International Women’s Day. It’s “normal”

In Mexico, we learn early that we have to be careful.

They teach us that our freedom is limited,

That the streets are dangerous,

That we must hide our bodies.

It’s normal.

In Mexico, since we’re little, they teach us to be afraid.

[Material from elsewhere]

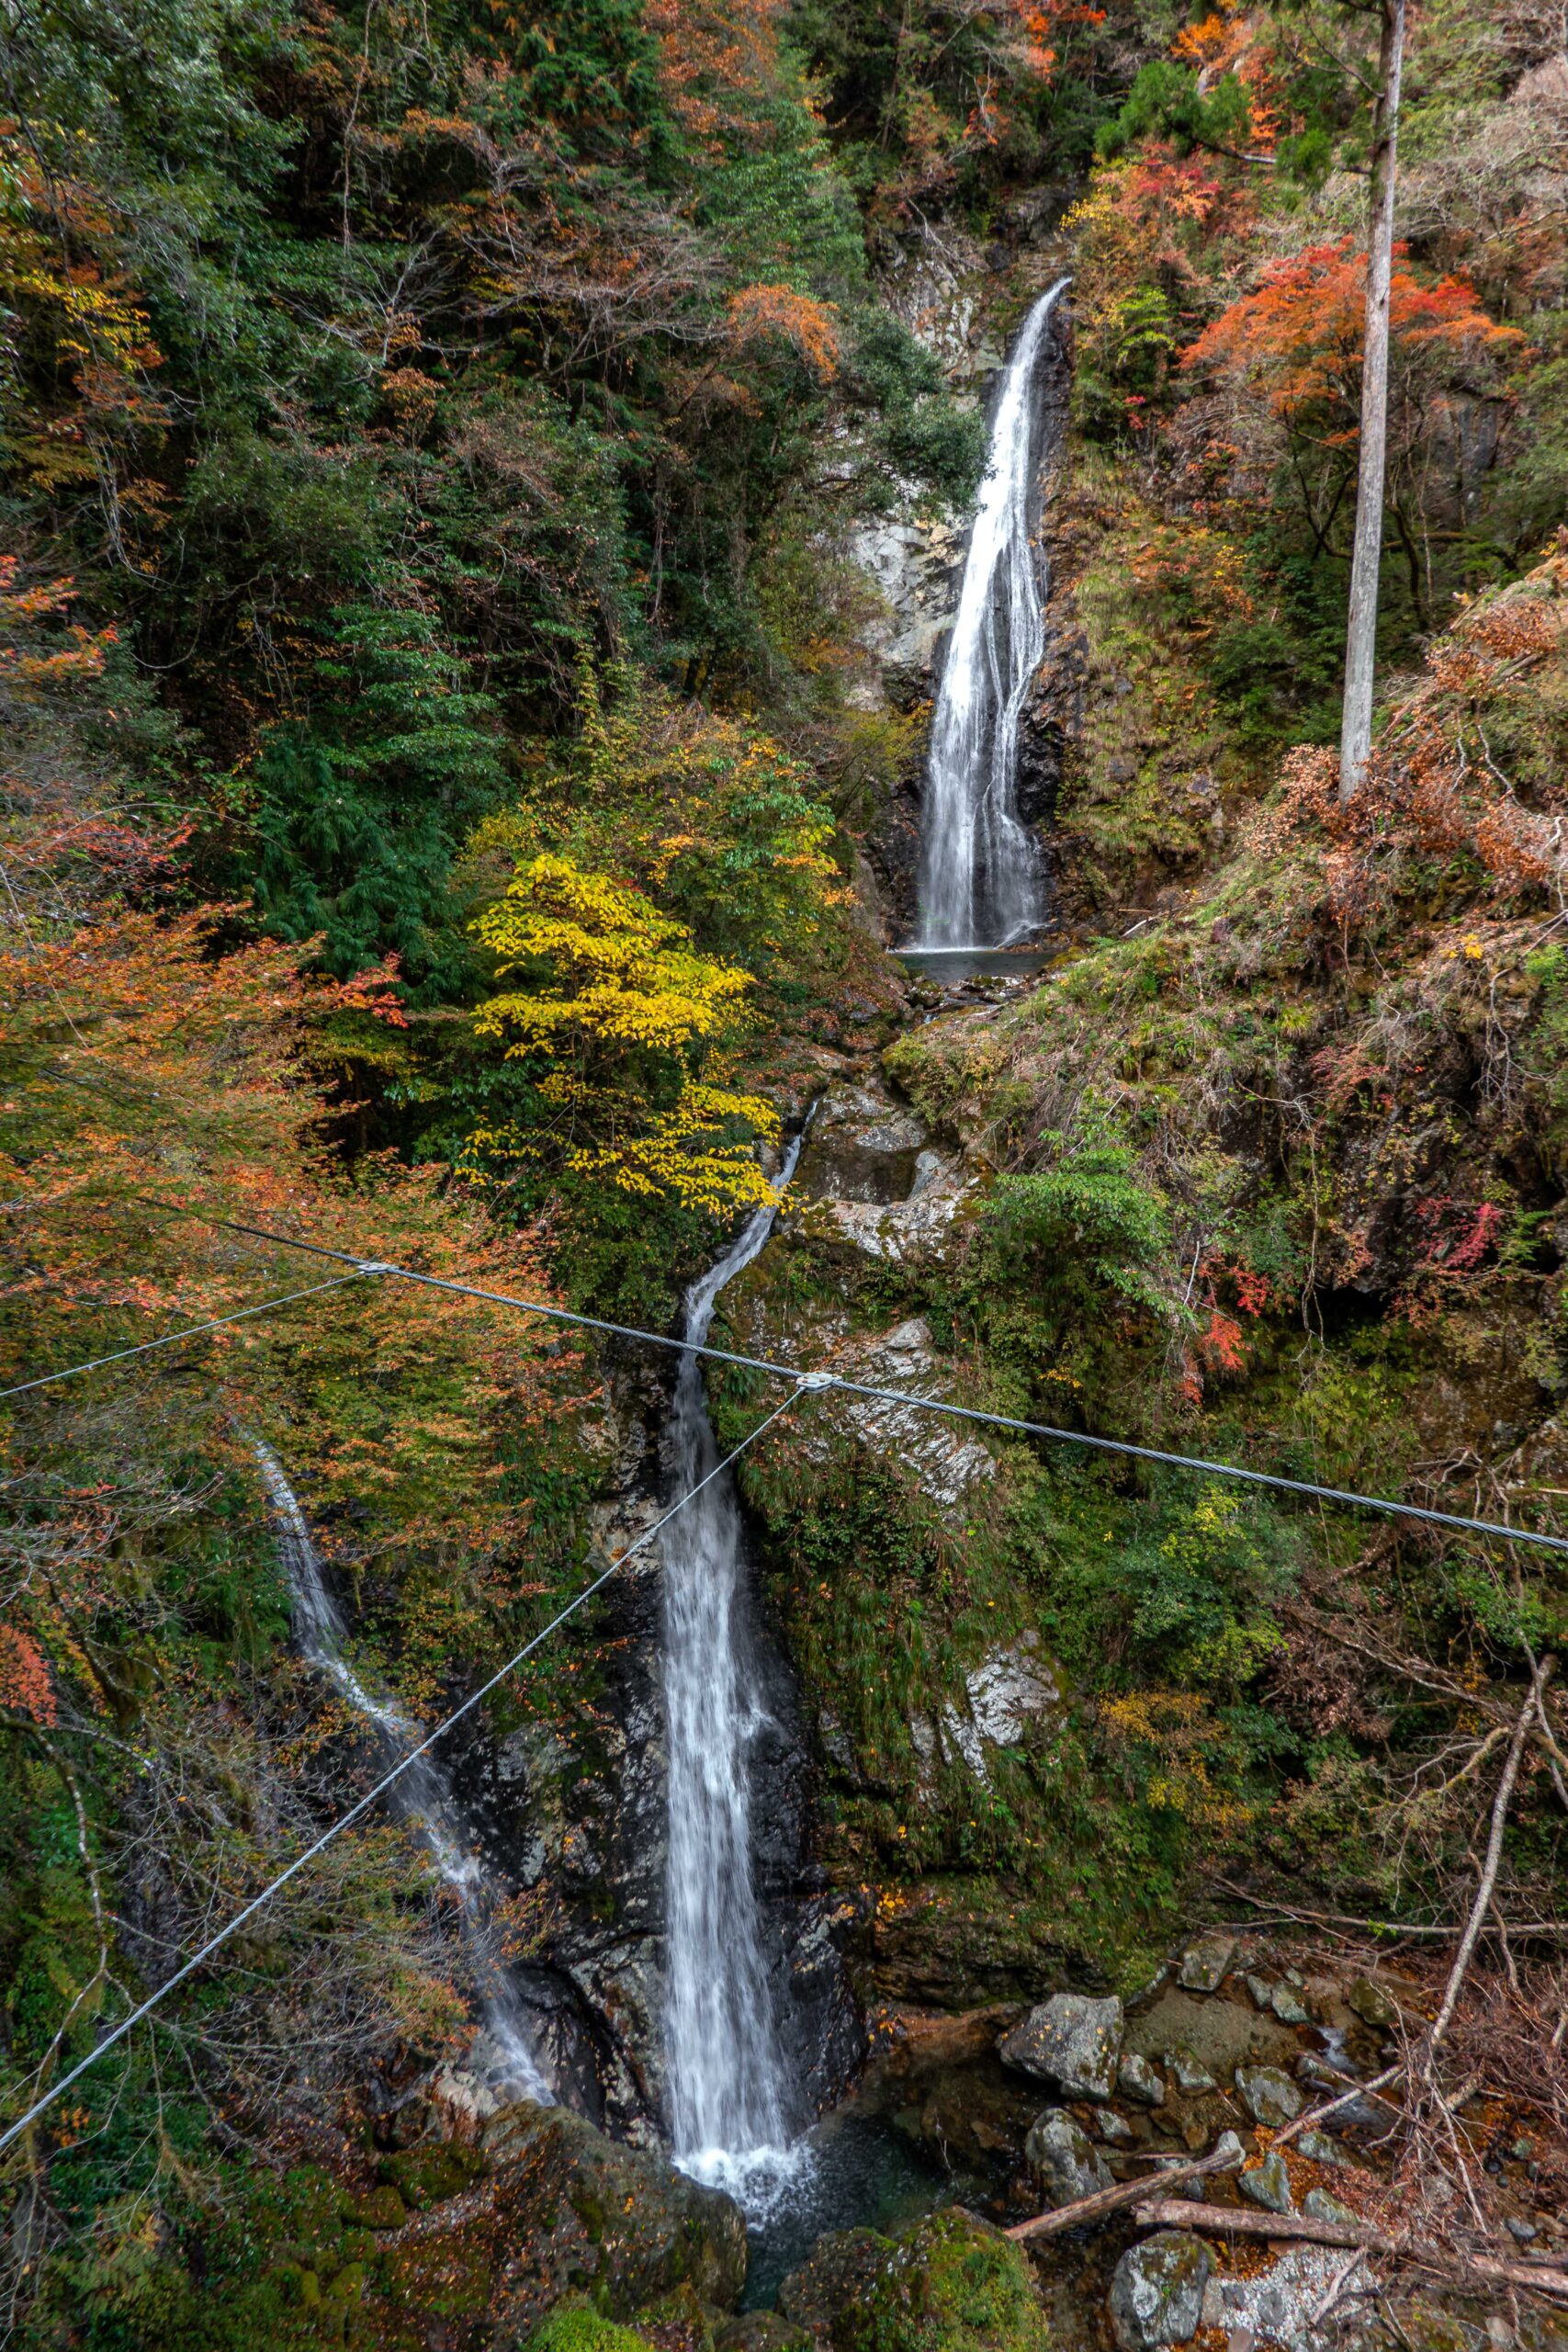 DSC07995-scaled 兵庫県  原不動滝(日本の滝100選に選定された紅葉景色の美しい絶景の滝 ! 撮影した写真の紹介、 アクセス情報など)　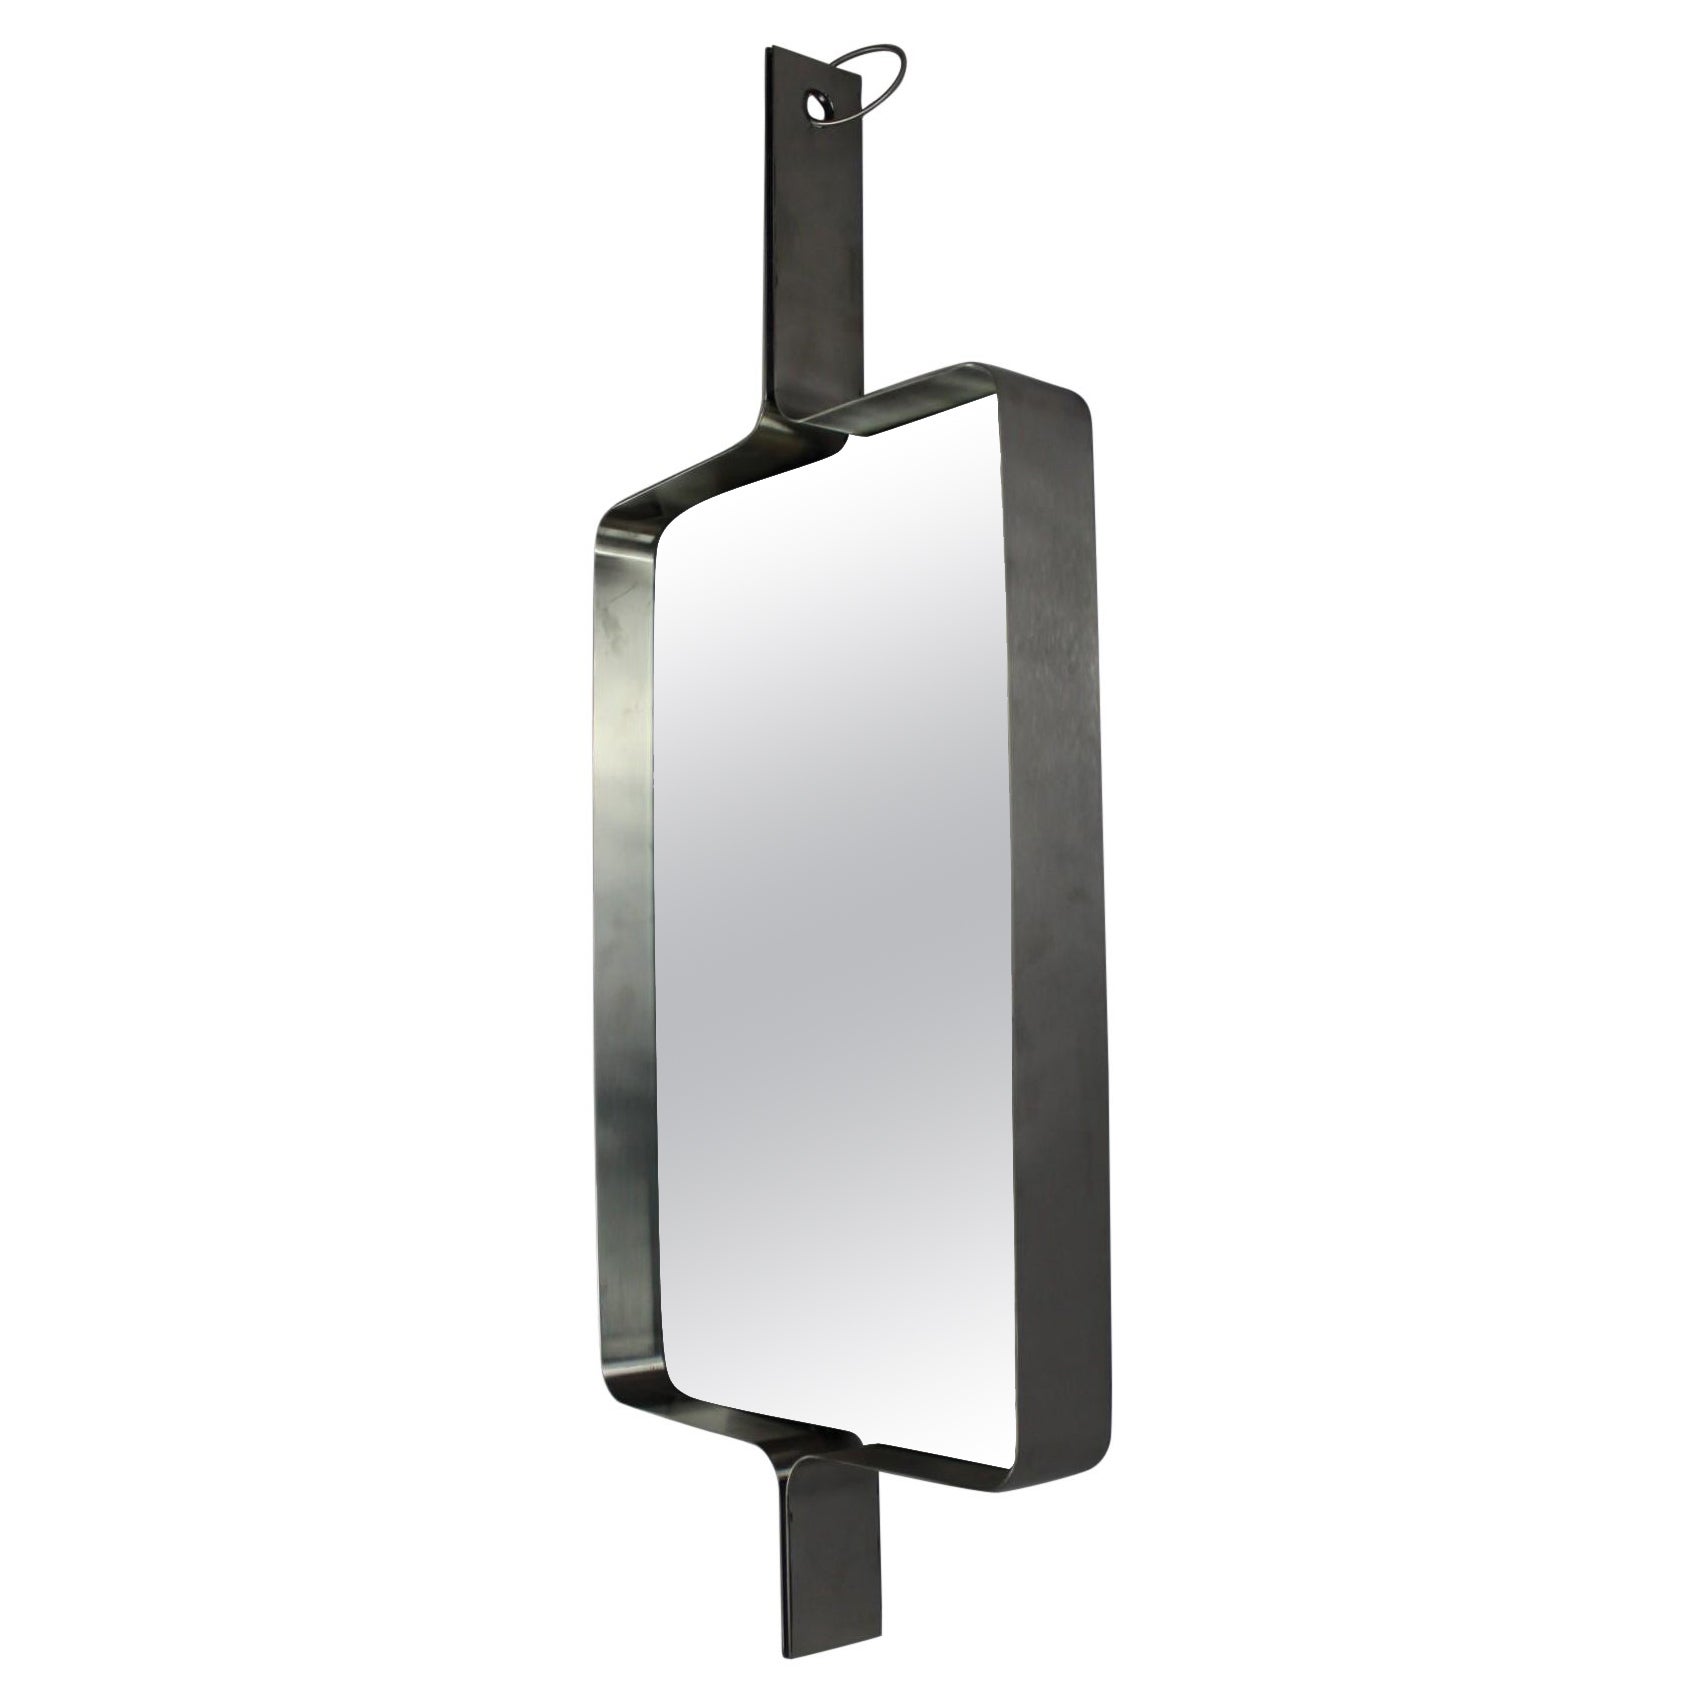 Xavier feal steel brushed rectangular mirror

Girls disappear and women are raped.

In Mexico a rapist can run for governor.

11 feminicides a day.

In Mexico it’s normal.

We grow up normalizing fear.

Fear of the streets, fear of the police, fear of the government.

It’s normal.

The police rape us.

The prosecutor’s office revictimizes us.

Institutions abuse us.

The government makes us invisible.

It’s normal.

In Mexico we learn that the colour of our skin defines us,

That our bank account determines us,

That language belongs to men,

And that we must shut up.

What clothes were you wearing?

How many drinks did you have?

Why were you walking alone?

Today we will not shut up.

Today we will not stop.

Today we demand justice.

It’s not normal.

The streets are ours.

The fight goes on.

In every single house.

And in every single body.

It’s not normal.

Today we march virtually for those who are still here and those who are no longer here.

Today we fight against normalized violence.

Today in Mexico, let’s unlearn what they teach us.

Let’s claim our own language that belongs to all.

Let’s raise our voice and demand answers

For those who are still here and those who are no longer here.

Feminicide in Mexico.

It’s not normal.

___

We are Alumbra, Básicos de México, Fábrica Social, Faro, Gag, Trama Studio y Transforma MyM 

We demand justice for those who are still here and those who are no longer here.

Denormalize violence in Mexico

#Desnormalicemoslaviolencia

#8M #8M2021 

#MexicoFeminicida 

#AbortoLegal 

#UnVioladorNoserágobernador 

#NiUnaMas 

#NiUnaMenos 

#FuimosTodas

This text was written by Virginie Martin-Onraët, who produced the video with her friends and associates from different Mexican organizations. Editing: Cecilia González Barragán. Production: Cecilia González Barragán, Paola González Rubio and Virginie Martin-Onraët.

Yesterday in Mexico City, the police gassed the protesters during the march for Women’s Day. Today, the government says “Gasses? No. never.”

The featured image I found on the Internet. “Ni una menos” means “Not one (woman) less” and refers to the constant violence against women in the country.

Let’s keep on fighting.

148 thoughts on “International Women’s Day. It’s “normal”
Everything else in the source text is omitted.